Lesson: For iterative graph algorithms, the bottleneck is rarely the math of one pass; it is re-materializing static state every pass. Keep the unchanging graph resident and you keep the algorithm but lose the tax, exactly the transition Chapter 7 generalizes.

Fun Note: Node D, Permanently Unpopular

Watch node D in Output 6.6.2. It links to C, dutifully handing away its rank every iteration, but nothing ever links back to D. Its score collapses immediately to $0.0375$ and never recovers, because the only rank it can keep is the teleport floor that the damping term hands to every node unconditionally. D is the graph-algorithm equivalent of a worker that broadcasts to everyone and is subscribed to by no one: it does work, it just gets no credit for it.

4. Why These Three Belong Together Intermediate

The three algorithms form a deliberate progression in cost structure. Top-K is bound by what you can avoid shuffling, and its lesson is the combiner: push associative work before the network. Matrix multiplication is bound by how you partition operands, and its lesson is tiling: choose block shapes so each output piece needs only the inputs that reach it. PageRank is bound by iteration count times per-pass shuffle, and its lesson is the limit of the model itself: MapReduce expresses one pass cleanly but expresses a loop only by re-launching the whole machine, re-reading static data every time. Table 6.6.1 lays the three side by side along the dimension that distinguishes them.

Table 6.6.1: The three algorithms of this section, organized by the cost that dominates each and the MapReduce lesson it teaches.
AlgorithmPassesDominant costLesson
Top-KOneShuffle volumeCombine locally before the shuffle ($M k$ not $N$)
Block matrix multiplyOneOperand movementTile so each output block needs only its inputs
PageRankMany (iterative)Iterations × per-pass shuffleOne pass is clean; the loop re-reads static data

That last row is the hinge of the whole chapter. Single-pass MapReduce is a beautiful fit for Top-K and matrix multiplication, and a poor fit for anything that iterates, because it has no memory between passes and must spill every intermediate result to disk. Every iterative AI computation, gradient descent above all, hits this wall. The response, keeping working state in memory across iterations and only shuffling what genuinely changes, is the founding idea of Spark and the subject of Chapter 7. We close this chapter with the algorithms MapReduce handles best before that chapter shows what to reach for when MapReduce handles them worst.
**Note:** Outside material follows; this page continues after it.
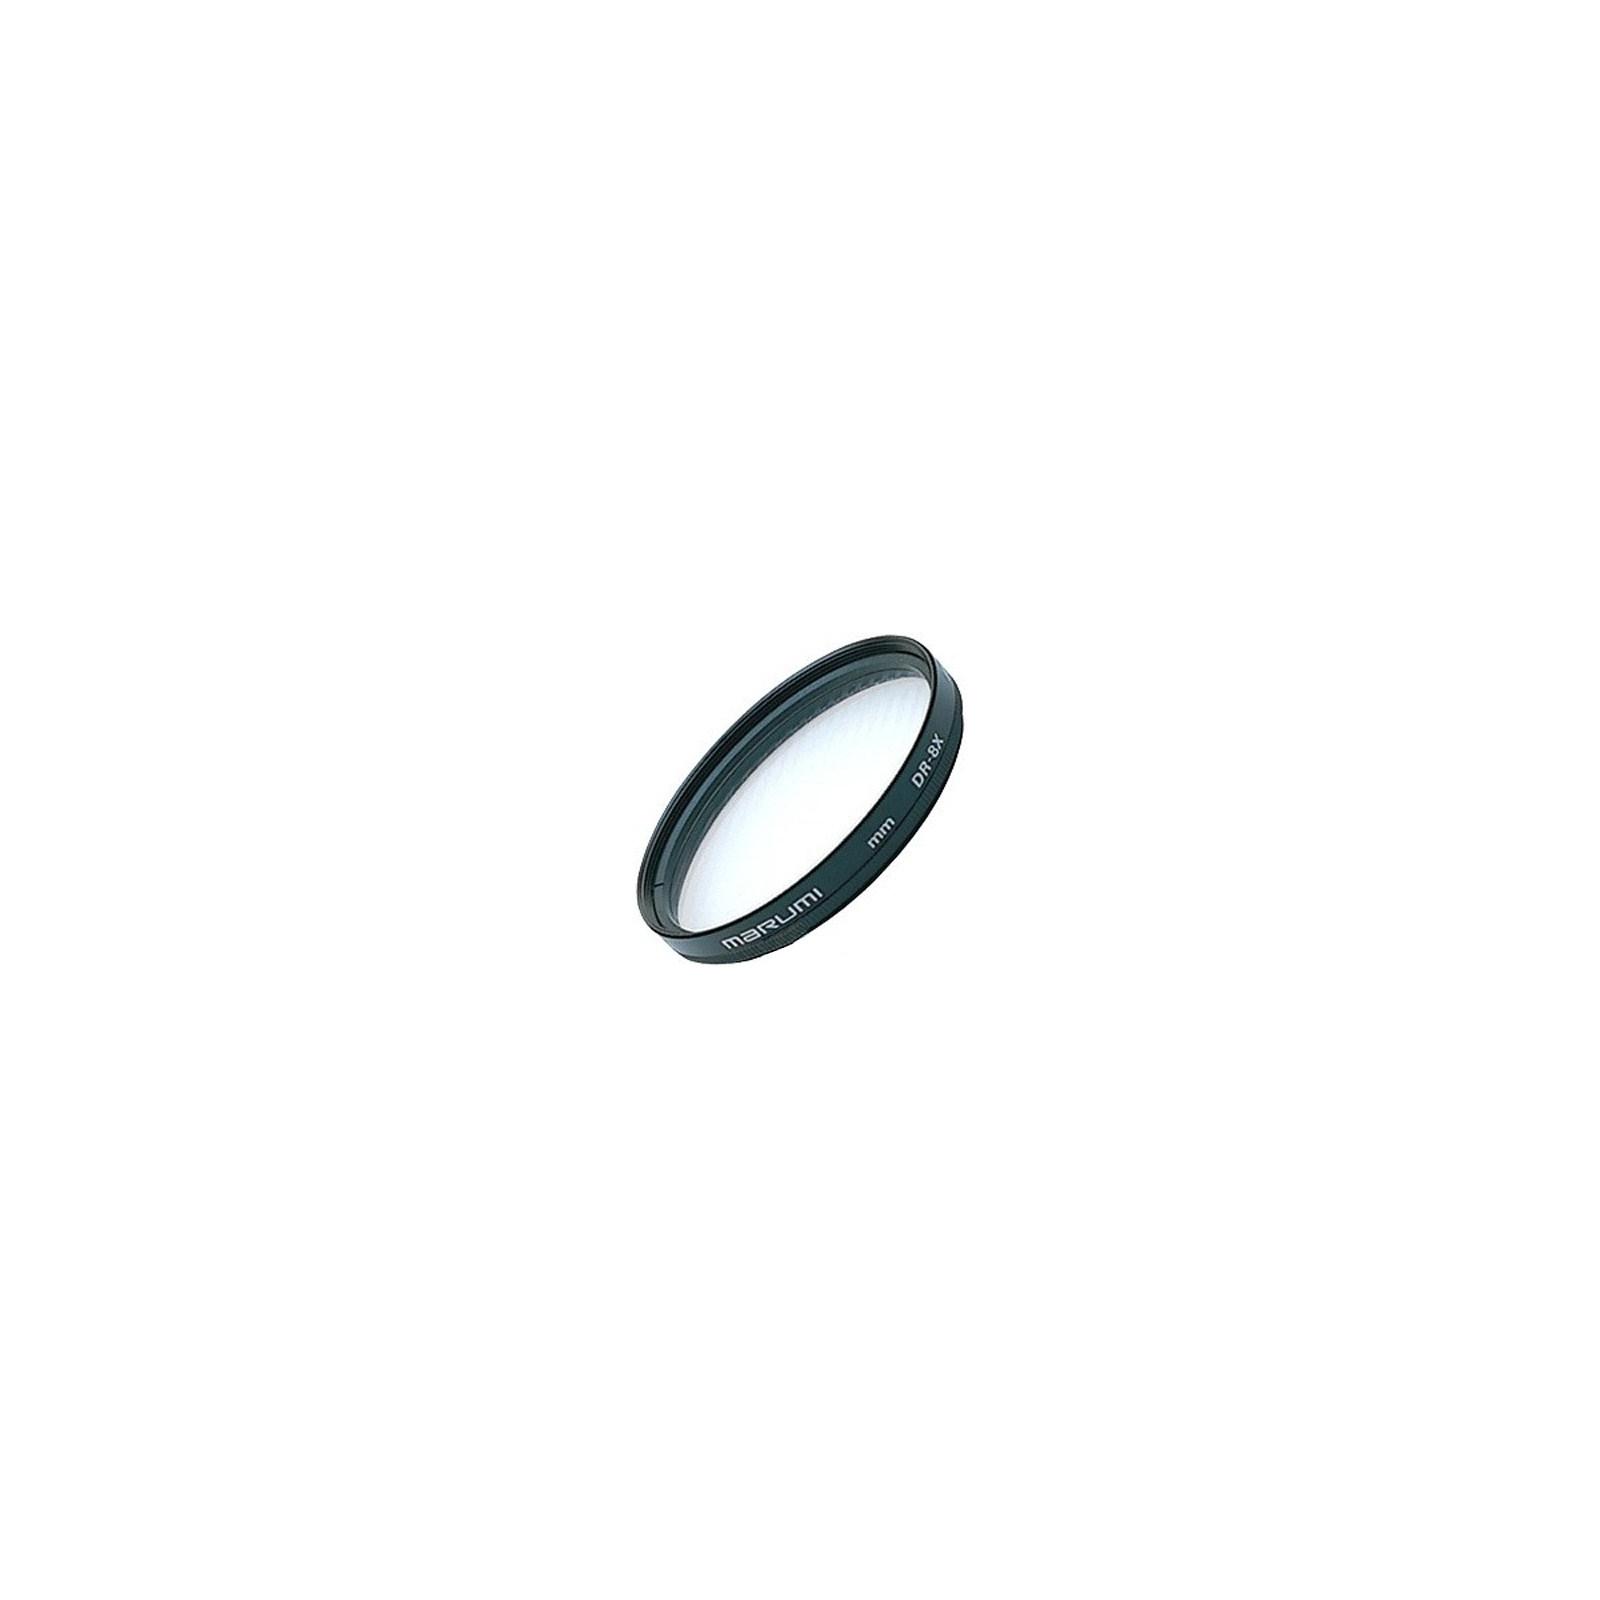 Светофильтр Marumi DR-8X 49mm

Exercise 6.6.1: Why the Local Top-K Is Enough Conceptual

Prove that the global top $k$ of a dataset partitioned across $M$ mappers is always contained in the union of the per-mapper top $k$ lists, so the reducer never needs any record a mapper discarded. Then explain why the same argument fails for the median: give a small two-mapper example where each mapper's local median tells you nothing about the global median, and state what property of "top $k$" the median lacks.

Exercise 6.6.2: Count the Shuffle Bytes Analysis

A block matrix multiply computes $C = AB$ with $A$ of shape $m \times p$ and $B$ of shape $p \times n$, all cut into square blocks of side $b$. Write the number of partial-product messages the map phase emits as a function of $m$, $n$, $p$, and $b$, and the total number of scalar values shuffled. Holding $m$, $n$, $p$ fixed, does increasing the block side $b$ raise or lower the shuffle volume, and what does it cost you in return? Connect your answer to the communication-cost model of Chapter 3.

Exercise 6.6.3: Dangling Nodes and a Disk-Free Loop Coding

Extend Code 6.6.2 in two steps. First add a node $E$ with no out-edges (a dangling node) and observe that the ranks no longer sum to 1, because $E$'s rank vanishes into nothing each pass; fix it by redistributing each dangling node's rank uniformly across all nodes inside the reduce phase, and confirm the sum returns to 1. Second, count how many times your loop reads the graph structure, then refactor so the edge list is built once before the loop and only the rank dictionary is rebuilt per iteration. Explain, in one paragraph, how this mirrors the in-memory caching that Chapter 7 applies to the same loop on a billion-edge graph.